The op-batcher
is responsible for ensuring data availability. See the specs.
The op-batcher
works together with the sequencer (which it reads unsafe blocks from), the data availability layer (e.g. Layer 1 or an Alt DA layer, which it posts data to), and the derivation pipeline (which reads the data from the DA layer and progresses the safe chain).
It depends directly on some code shared with the derivation pipeline, namely the ChannelOut
implementation(s). It also depends directly on the shared txmgr module.
The batcher has a suite of unit test which can be triggered by running
go test ./...
from this directory. There are also end-to-end tests in op-e2e
which integrate the batcher.
The architecture of this batcher implementation is shown on the left side of the following diagram:
Batch submitting (writing to the DA layer, in the middle of the diagram) works together with the derivation pipeline (on the right side of the diagram, reading from the DA layer) to progress the safe chain.
The philosophy behind the current architecture is:
- Blocks, channels and frames are kept around for as long as they might be needed, and discarded as soon as they are not needed. They are not moved from one part of state to another.
- We retain block data in a strict order for as long as necessary. We only garbage collect frames, channels and blocks when the safe head moves sufficiently and those structures have done their job.
- When something goes wrong, we rewind the state cursors by the minimal amount we need to get going again.
In the happy path, the batcher periodically:
- Enqueues unsafe blocks and dequeues safe blocks from the sequencer to its internal state.
- Enqueues a new channel, if necessary.
- Processes some unprocessed blocks into the current channel, triggers the compression of the block data and the creation of frames.
- Sends frames from the channel queue to the DA layer as (e.g. to Ethereum L1 as calldata or blob transactions).
- If there is more transaction data to send, go to 2. Else wait for a tick and go to 1.
The blockCursor
state variable tracks the next unprocessed block.
In each channel, the frameCursor
tracks the next unsent frame.
When an L2 unsafe reorg is detected, the batch submitter will reset its state, and wait for any in flight transactions to be ingested by the verifier nodes before starting work again.
When a Tx fails, an asynchronous receipts handler is triggered. The channel from whence the Tx's frames came has its frameCursor
rewound, so that all the frames can be resubmitted in order.
When a Tx is confirmed, an asynchronous receipts handler is triggered. We only update the batcher's state if the channel timed out on chain. In that case, the blockCursor
is rewound to the first block added to that channel, and the channel queue is cleared out. This allows the batcher to start fresh building a new channel starting from the same block -- it does not need to refetch blocks from the sequencer.
At the current time, the batcher should be optimized for correctness, simplicity and robustness. It is considered preferable to prioritize these properties, even at the expense of other potentially desirable properties such as frugality. For example, it is preferable to have the batcher resubmit some data from time to time ("wasting" money on data availability costs) instead of avoiding that by e.g. adding some persistent state to the batcher.

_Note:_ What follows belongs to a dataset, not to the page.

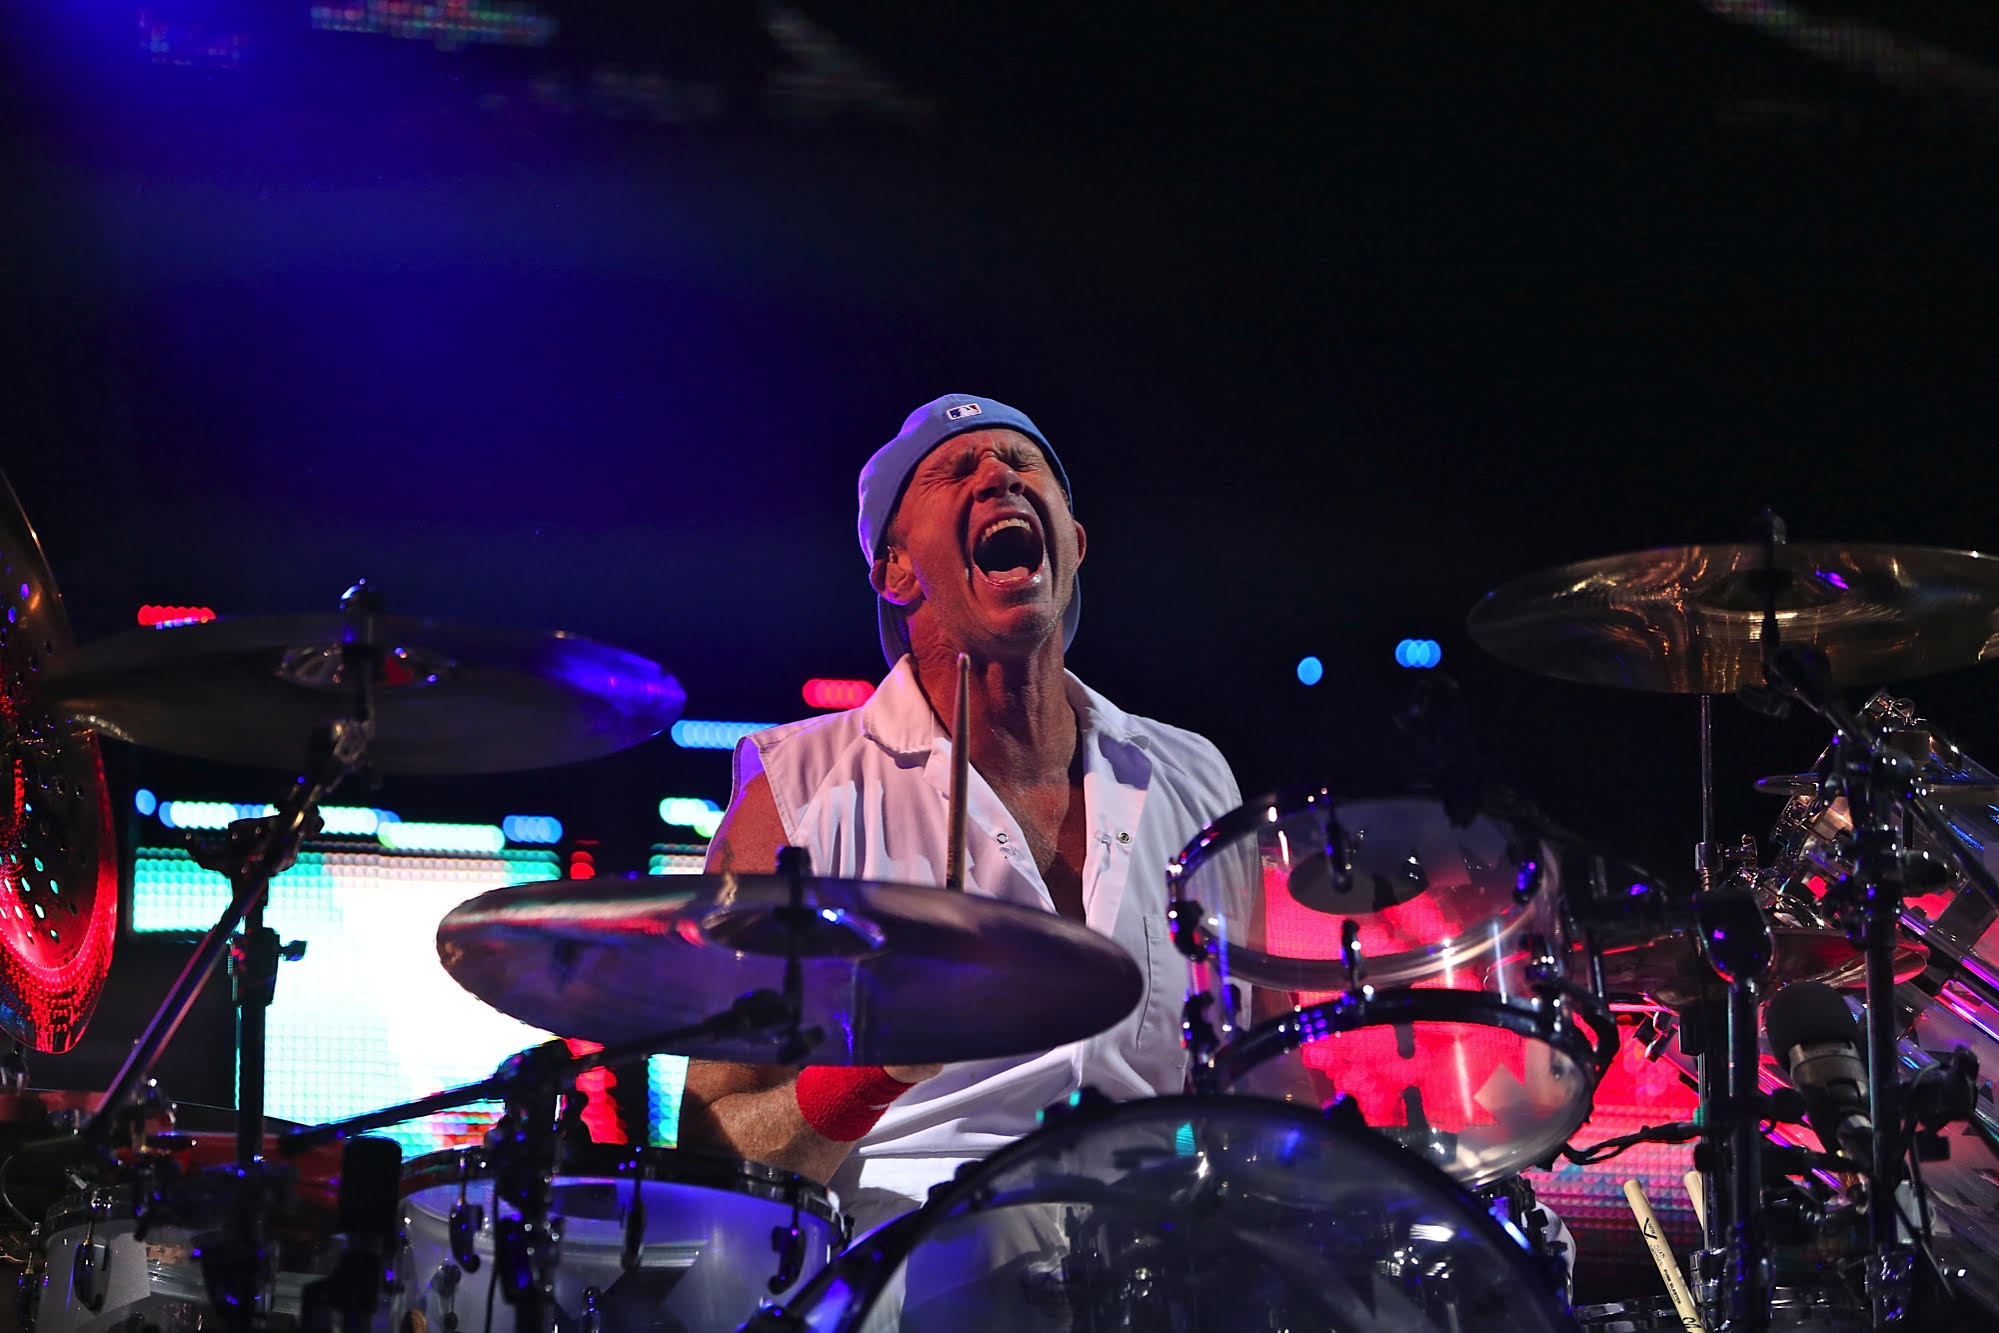 Chad Smith, Red Hot Chili Peppers, Trap Set Podcast, 2000x1340 HD Desktop

The batcher can almost always recover from unforeseen situations by being restarted.
Some complexity is permitted, however, for handling data availability switching, so that the batcher is not wasting money for longer periods of time.
A chain can potentially experience an influx of large transactions whose data availability requirements exceed the total throughput of the data availability layer. While this situation might resolve on its own in the long term through the data availability pricing mechanism, in practice this feedback loop is too slow to prevent a very large backlog of data from being produced, even at a relatively low cost to whomever is submitting the large transactions. In such circumstances, the safe head can fall significantly behind the unsafe head, and the time between seeing a transaction (and charging it a given L1 data fee) and actually posting the transaction to the data availability layer grows larger and larger. Because DA costs can rise quickly during such an event, the batcher can end up paying far more to post the transaction to the DA layer than what can be recovered from the transaction's data fee.
To prevent a significant DA backlog, the batcher can instruct the block builder (via op-geth's miner RPC API) to impose thresholds on the total DA requirements of a single block, and/or the maximum DA requirement of any single transaction. In the happy case, the batcher instructs the block builder to impose a block-level DA limit of OP_BATCHER_THROTTLE_ALWAYS_BLOCK_SIZE, and imposes no additional limit on the DA requirements of a single transaction. But in the case of a DA backlog (as defined by OP_BATCHER_THROTTLE_THRESHOLD), the batcher instructs the block builder to instead impose a (tighter) block level limit of OP_BATCHER_THROTTLE_BLOCK_SIZE, and a single transaction limit of OP_BATCHER_THROTTLE_TRANSACTION_SIZE.
Link to open issues with the op-batcher
tag.
The batcher launches L1 transactions in parallel so that it can achieve higher throughput, particularly in situations where there is a large backlog of data which needs to be posted. Sometimes, transactions can get stuck in the L1 mempool. The batcher does have functionality to clear these stuck transactions, but it is not completely reliable.
The automatic data availability switching behavior is a somewhat new feature which may still have some bugs in it.